Note that throughout the analysis, the dataset is considered to be representative of the whole bank. Hence the conclusions drawn from the dataset are considered a representation of the bank as a whole. In reality, this should be carefully verified!
2. Descriptive visualizations using Tableau
The software package Tableau was used to create some visualizations. A series of a visualized A/B tests will be performed. What this means is that no statistical significance will be assess at this point. This step is nontheless important and aims to gain familiarity with the dataset as well as identifying possible routes to investigate further into. In a real case scenario, this would include lots of management with stakeholders and could possibly open up alternative areas to investigate later on, outside the scope of the current project.

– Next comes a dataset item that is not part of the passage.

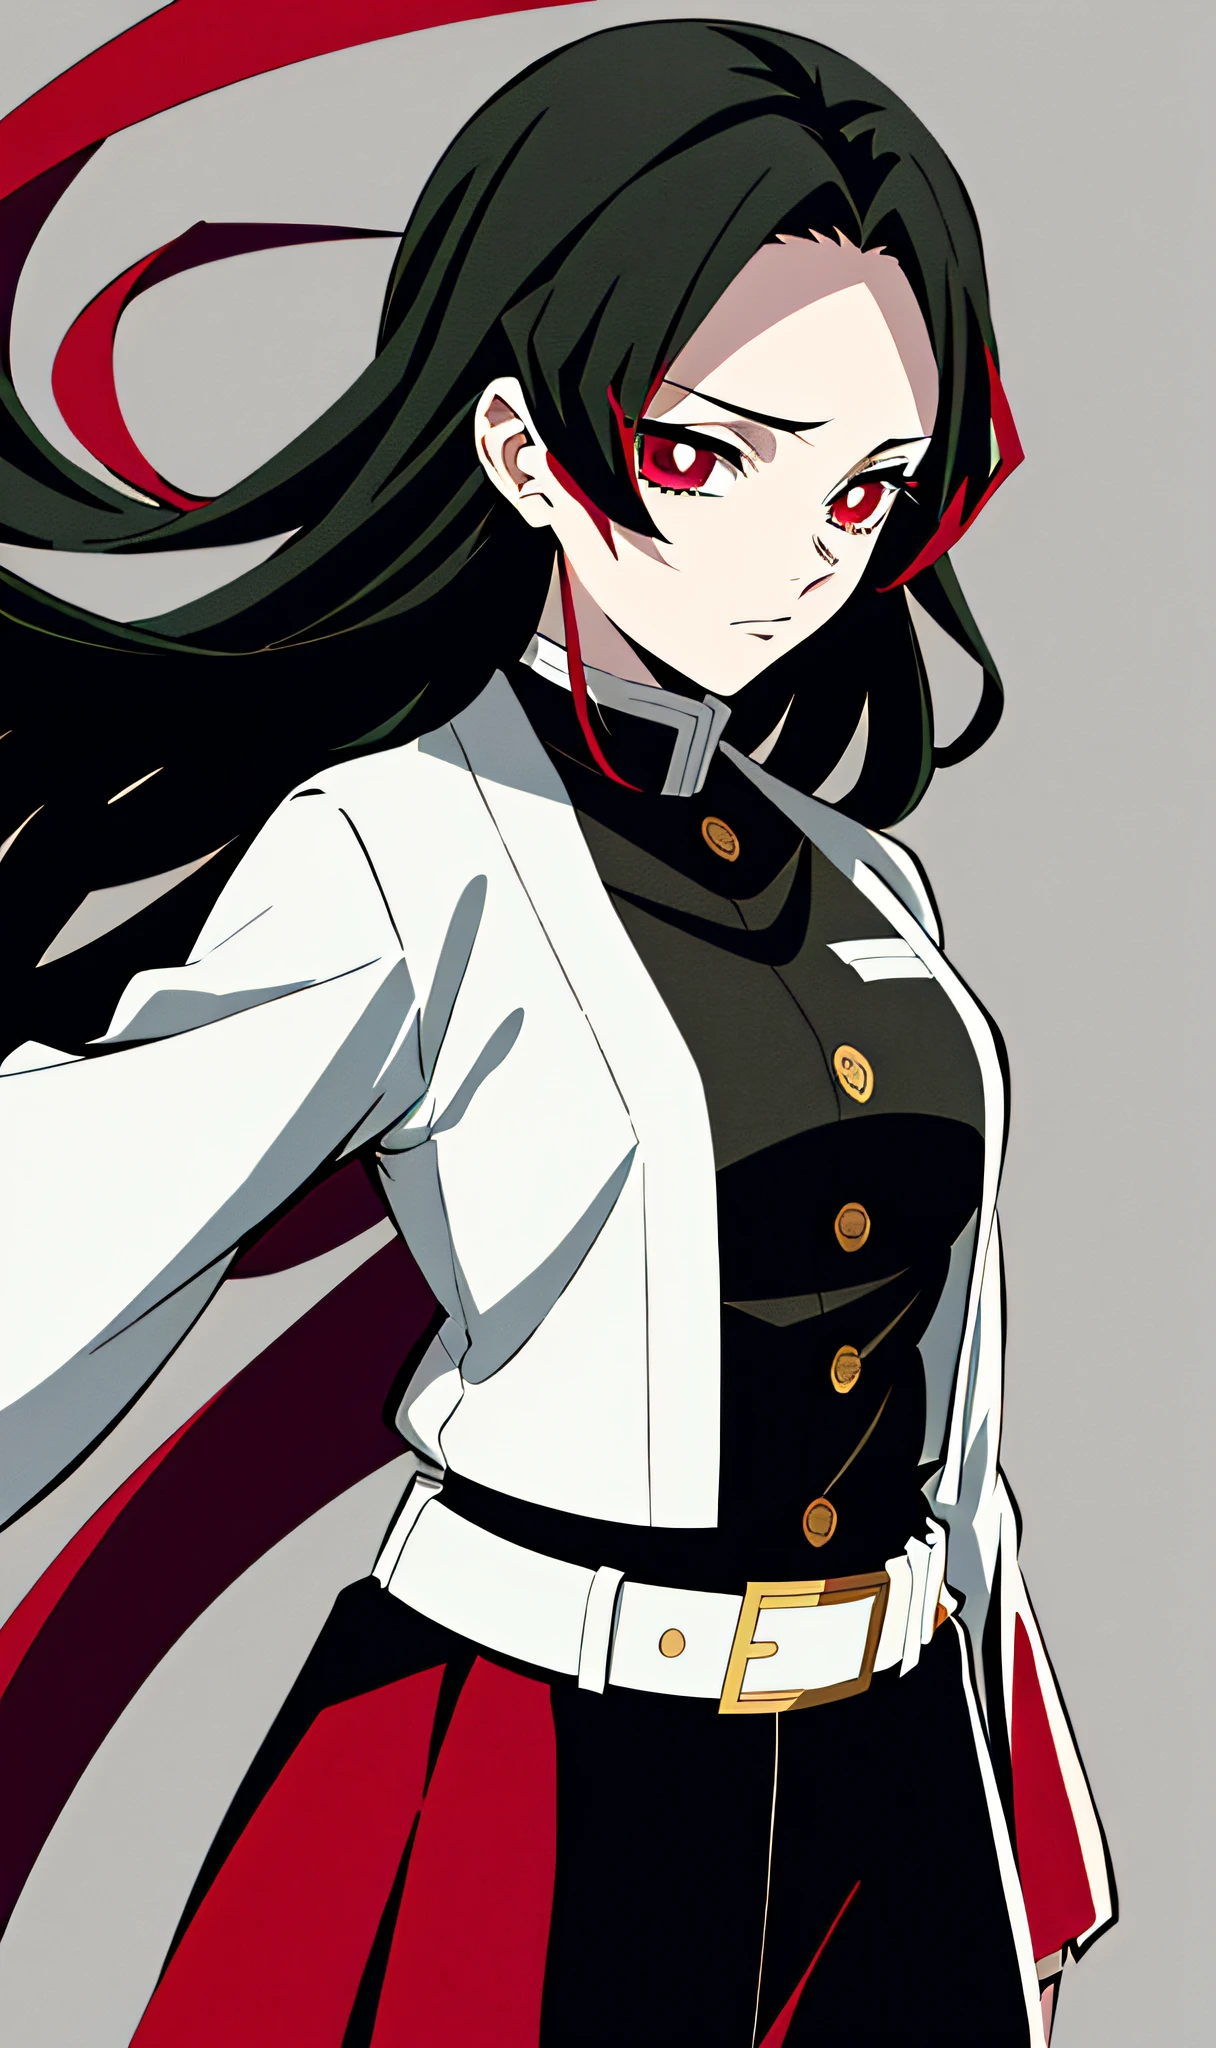 Junges japanisches Mädchen im Kimetsu no Yaiba-Stil, welliges schwarzes Haar mit roten Spitzen, schwarze offene Demon Slayer Uniform mit weißem Unterhemd, white belt, Anime-Färbung, ((Meisterwerk))

This visualization was detailed in the Udemy-course “Data Science A-to-Z” from Kirill Eremenko.
Geography
The bank has customers from three countries: France, Germany, and Spain. As can be seen in the graphic, around half of the banks 10000 customers are registered in France. The rest of the customers are shared between Spain and Germany in equal proportion (25%).
Does the country in which the customer is registered have an impact on the churn? The graphic below shows the percentage of the total number of customers in that country that stayed with the bank and that percentage of customers that left the bank in each country. The shaded line at 20% represents the overall percentage of customers that left the bank, which is 20%, regardless of any feature. One can see that there seems to be a correlation between the country and the churn of a customer. At this point the idea is not to verify if this is a statistically significant finding, that will be done at a later stage.
Gender
In the dataset the distribution of the two gender labels is about equal, around 45% of the customers are female and the remaining 55% are male. That is summarized in the graphic below, that also contains the actual number of customers from each gender that left the bank. From the relative numbers, one can infer that a female customer is more likely to leave the bank thank a male customer, since 25% of females have left the bank and only 16% of males compared to the 20% baseline. Similar to the geography feature, this difference should be tested for statistical significance later.
HasCrCard
More than double the number of customers have a credit card with the bank – 7000 in total – compared to the 3000 that do have a credit card with the bank.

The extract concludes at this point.